Keywords: gait function, hybrid assistive limb, neurorehabilitation, central nervous system disease

Introduction

Walking is an important ability for everyday living, and for humans, it provides a high degree of freedom to respond to changes in the environment. Most patients with central nervous system (CNS) diseases experience motor paralysis of the lower limbs, and their gait function is impaired, which restricts movement in daily life.

In recent years, various gait training assistive robots have been developed, such as the Rehabot,1) Gait Trainer,2,3) Lokomat,4) and LOPES Exoskeleton Robot,5) and rehabilitation using robots is becoming more widespread.
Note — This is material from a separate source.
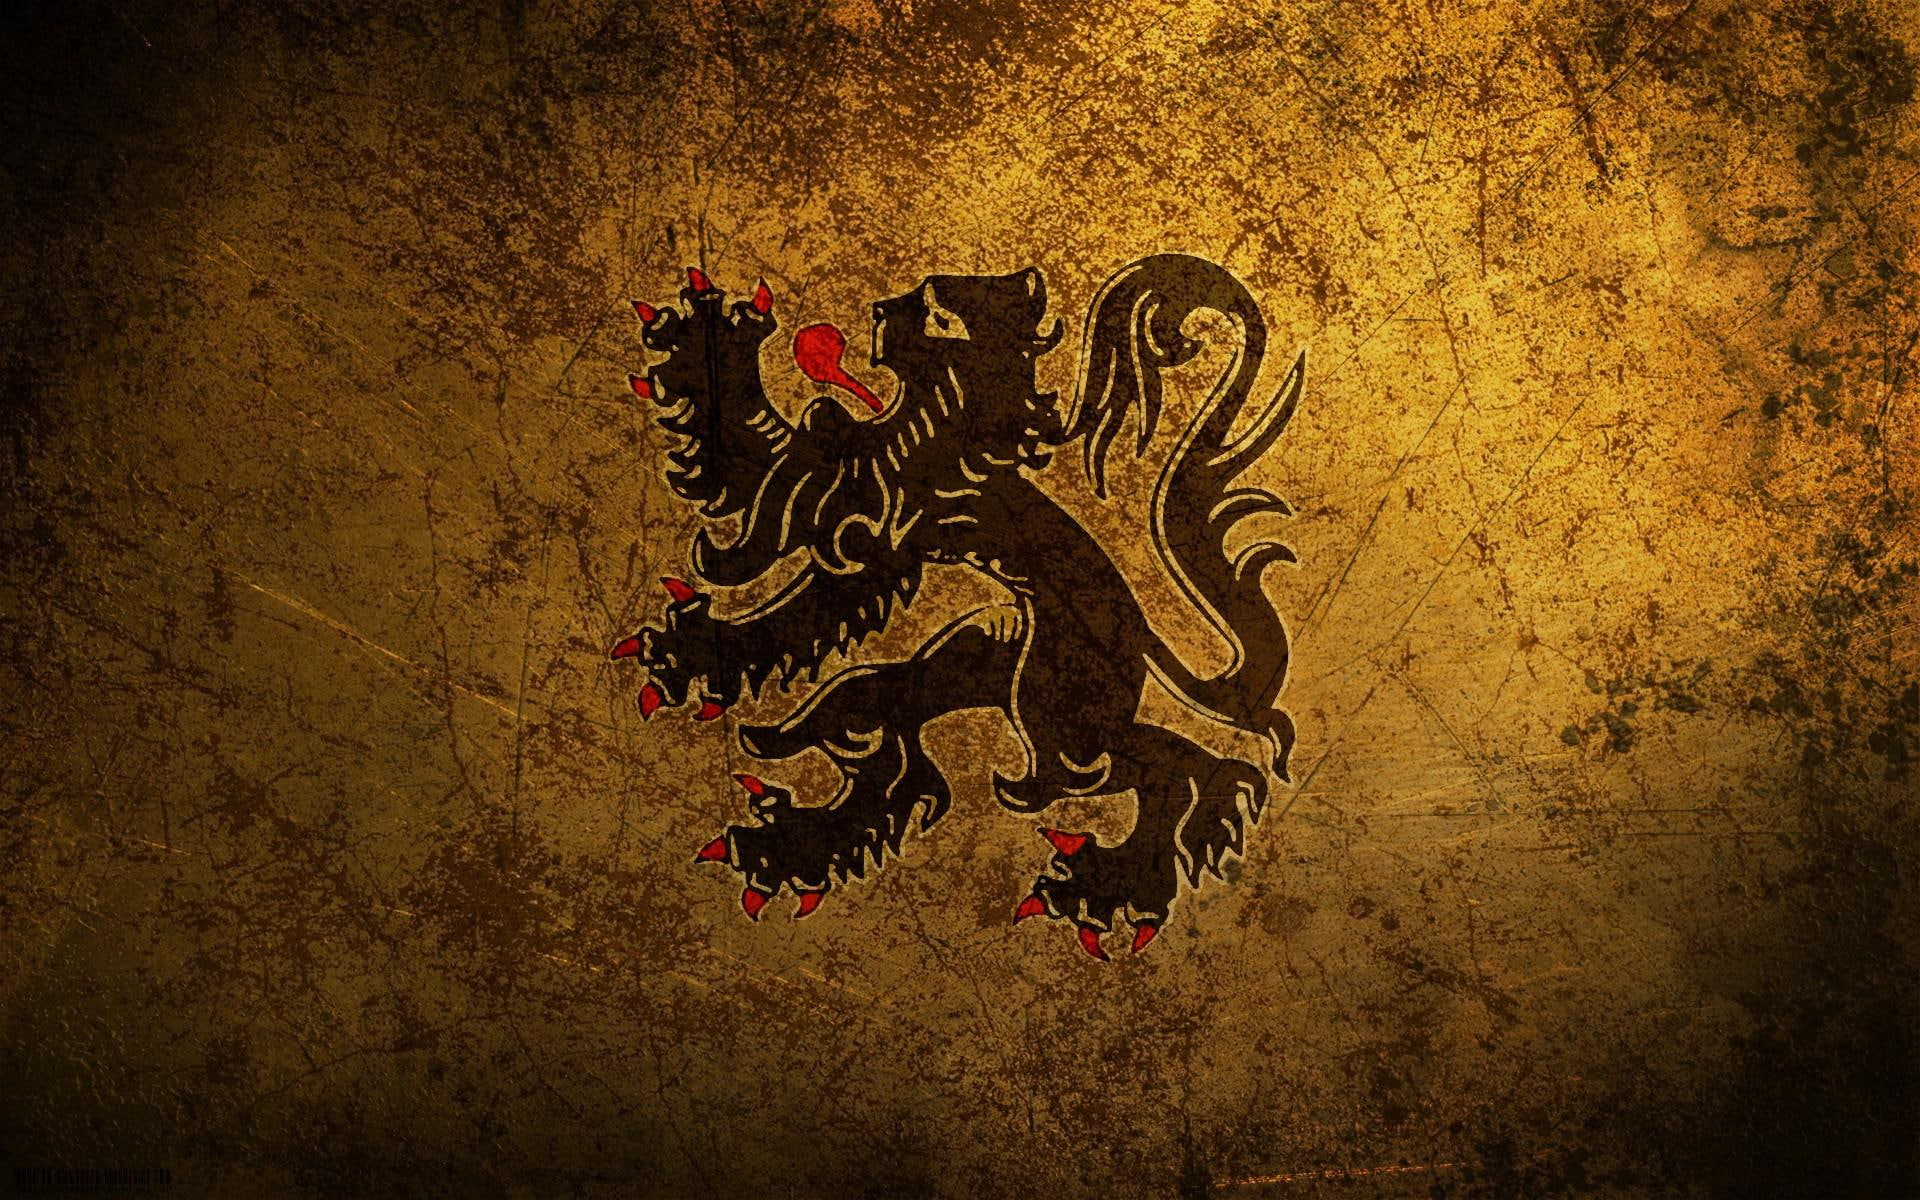 Flanders lion, black and red monster illustration, digital art

The hybrid assistive limb ([HAL], CYBERDYNE, Inc., Tsukuba, Japan) is a cyborg-type gait-assistive robot that was developed by Sankai et al.6,7) to assist with walking. It features a voluntary control function that complies with the wishes of the wearer, a function that was developed through the fusion of medicine and engineering. HAL is a new type of neurorehabilitation tool that supports the automatic movement of the hip and knee joints based on the bioelectrical signals (BES) from the wearer’s rectus femoris, vastus lateralis, biceps femoris, and gluteus maximus. Simultaneously, this suit uses information on the position of the center of gravity to determine the stance or swing phases, possesses functions that detect voluntary human movement, and offers a technological, automatic control capability to support the movement of the lower limbs in synchronization with the gait cycle.

Gait training with the gait-assistive robot suit HAL has been reported to improve the walking ability of patients with either acute810) or chronic stroke,11) or spinal cord injury,12,13) and effectively reduces the amount of assistance during the wearer’s activities of daily livings (ADLs).14) However, there is little information on the application of HAL to rehabilitate patients with gait disorders and CNS diseases such as stroke, brain tumor, and spinal cord injury. Therefore, uncovering the factors affecting the prognosis of patient function, particularly patient characteristics such as age, disease, disease site, cognitive dysfunction, lower limb function, balance, and intervention period, will likely provide valuable information when considering how to apply HAL training.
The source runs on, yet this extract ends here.